If you had told me before I'd left America that I'd be doing this in Cyprus, I would have laughed in your face at the nightmarish idea of singing and dancing in front of others. Now, however, I've come to love these weekly lessons almost as much as my students, who can't get enough of English-language songs and dances like "Who Stole the Cookie from the Cookie Jar?," "Baby Shark," "Who's Afraid of the Big Bad Wolf?," and "The Reindeer Hokey Pokey." With each song, I teach them new vocabulary words, give them practice listening and singing along to English lyrics, and, most importantly, get them excited about learning English.
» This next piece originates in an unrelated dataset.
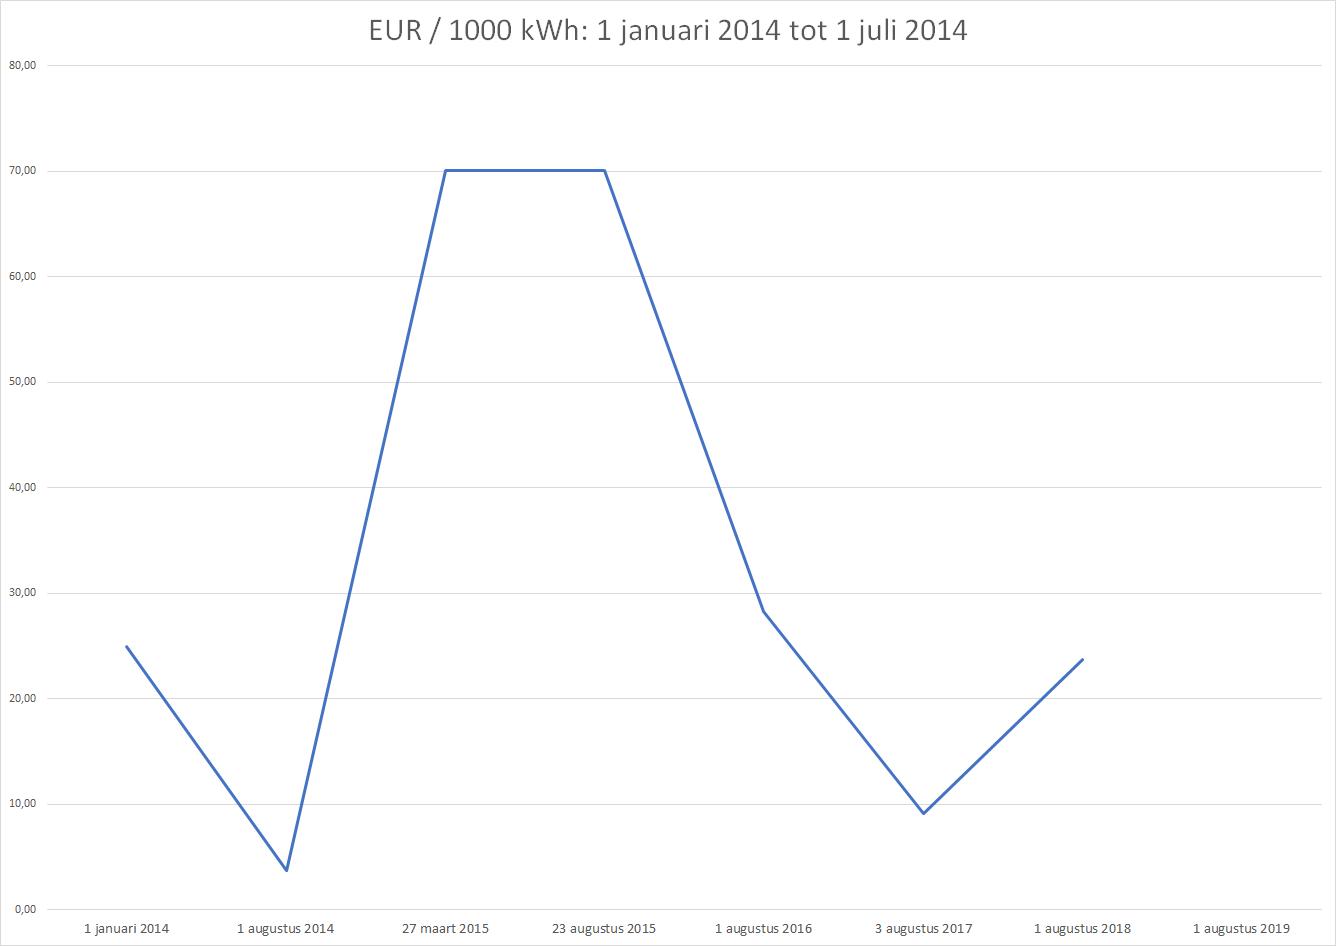 Grafiek Bandingfactoren kleine installaties in dienst genomen van 1_1_2014 tot 1_7_2014

Want to join our weekly dance "party"? I bet you could teach my students some new moves and new words, too!
"I have a dream that my four little children will one day live in a nation where they will not be judged by the color of their skin but by the content of their character."
Have you heard these famous words before? Do you know who spoke them?
If you said Martin Luther King, Jr., American civil rights activist, then you're correct! Here in Cyprus, however, students are naturally less familiar with American history. What's famous to us is sometimes new to them! That is why I took the opportunity leading up to Martin Luther King Jr.